Uh, Eartha ... uh, Miss Kitt, is it true that black women are sexier than white women?

"I think white women have more hangups about sex. Black women have their share of hangups, too, but not about sex. They're less inhibited."

"The whites have been so busy making money they haven't had time to be uninhibited. Me, I'm basically shy. And if an audience is uptight I can feel it. That's the only time my work seems like work.

"Every audience is different so every act is different. I play to their mood and it's got to be natural vibrations. Sometimes the audience will strike me as funny. As the evening wears on the alcohol breaks down their mental chastity belts and they are there to enjoy."

Miss Kitt stirred, yawning like a pampered panther on the cushion. My broken record started scratching again ...

"... Sexy bones, sexy bones, uh, dah, dah DAH!"

"America?" she asks rhetorically, arching her trig and very sensual back. "America is the greatest country in the world. I know. I've lived in many and been in most. America is the best. It's what's being done to America that I hate. We're too great a nation to allow ourselves to be afraid of things like freedom of speech. And we shouldn't allow ourselves to be duped into paying for things like wars we don't believe in.

"The kids are the real patriots today. They're really in love with America. The older ones who pay the taxes are the angriest men in the world but they do nothing about their anger. They feel helpless to change things. But if they don't, nobody else will. Wars won't end by themselves — race relations won't improve by themselves. And violence and building burning won't help either. The militants who burn aren't the kind of people who build. They're the kids who listened to their angry parents.

"We're supposed to love each other and if we do what do we need guns for? War is an economic thing. It needs taxes to pay for itself.
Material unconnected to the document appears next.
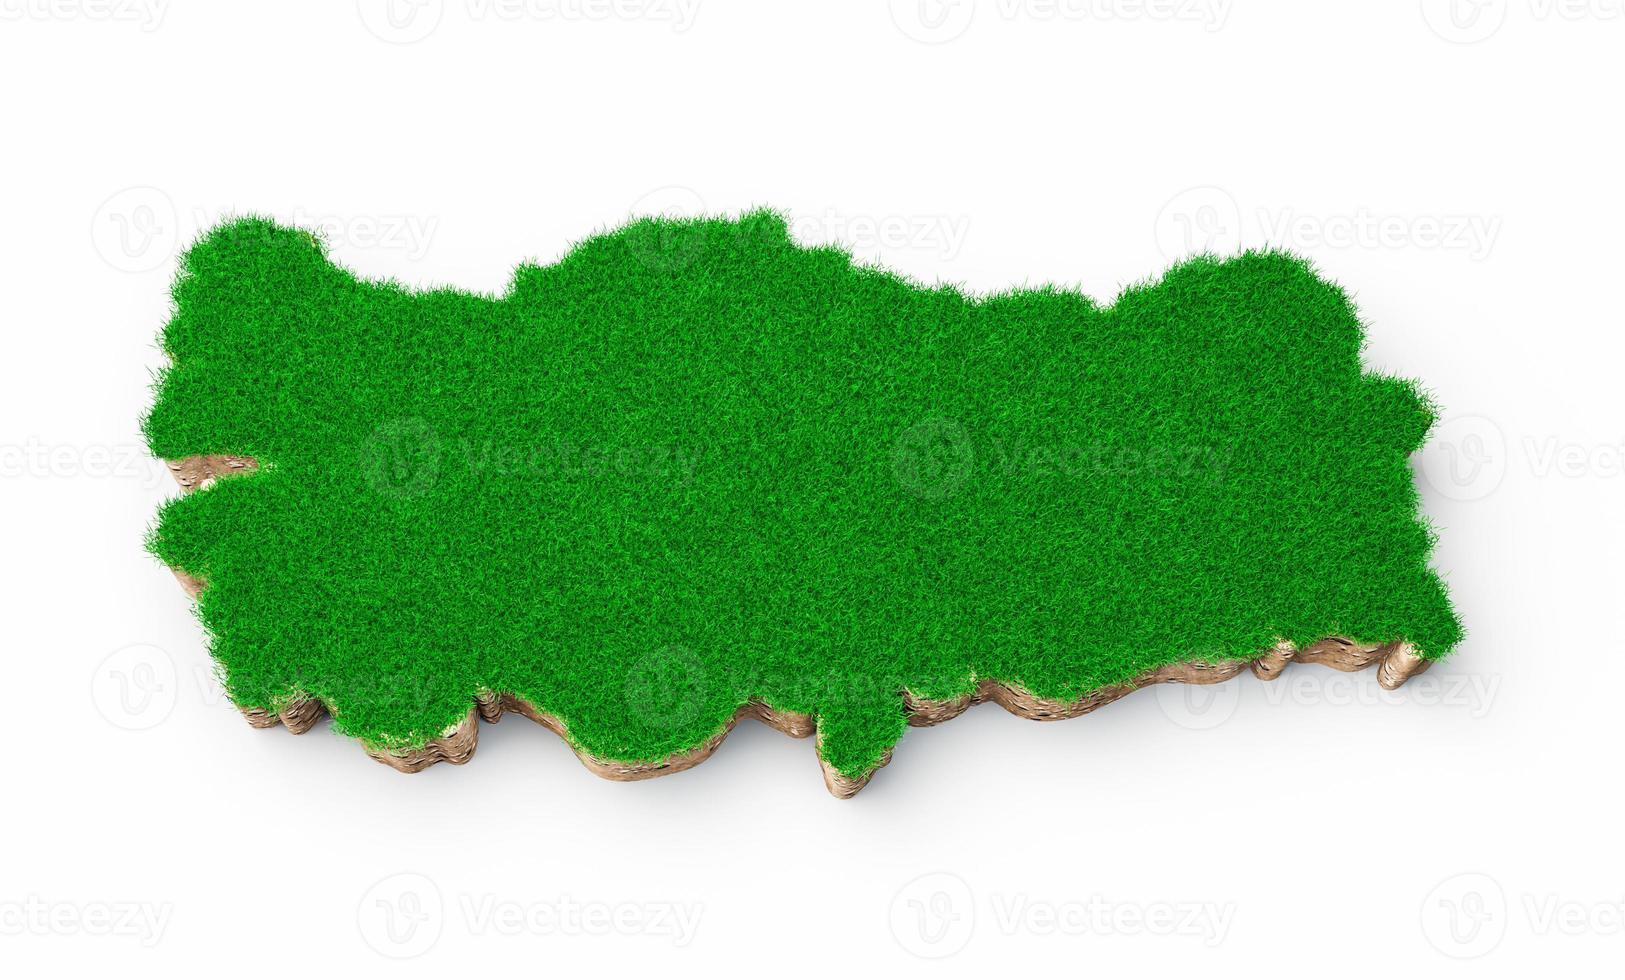 kalkon karta jord mark geologi tvärsnitt med grönt gräs och sten marken textur 3d illustration foto

That's a very tangible way for a citizen to protest — not pay his taxes. He can write letters, too, he can call his congressman and he can march. So far only small groups have marched and they don't make a big impression on anybody. But if the whole damned country got up and marched somebody would notice! They can't put the whole nation in jail.

"I see my role in the effort as an agitator. And I'll keep writing and speaking and harassing the Establishment as long as I can."

Yeah, swell, but Miss Kitt, doesn't all that sometimes get a girl like you in trouble. I mean, that thing with Lady Bird when you ...

Meeee-owwww-urrrr! Out come the fangs and the split marbles flash in the depths of her brown, oval eyes.

"OK, I made some waves at a White House tea party when I spoke out to Lady Bird Johnson on the Vietnam war issue. Well, my nightclub act was cancelled right after it happened. And several more cancellations followed. It's kept me off television talk shows for more than a year, too. They're afraid of what I might say, I guess.

"But as far as the White House incident goes, I said what I believe, which is what the invitation had said they wanted me to do. But the newspapers made it seem as though I'd been rude and I wasn't.

"I said what I thought and I didn't shout. And I'd say it all again."

Ladies and gentlemen, Miss Eartha Kitt!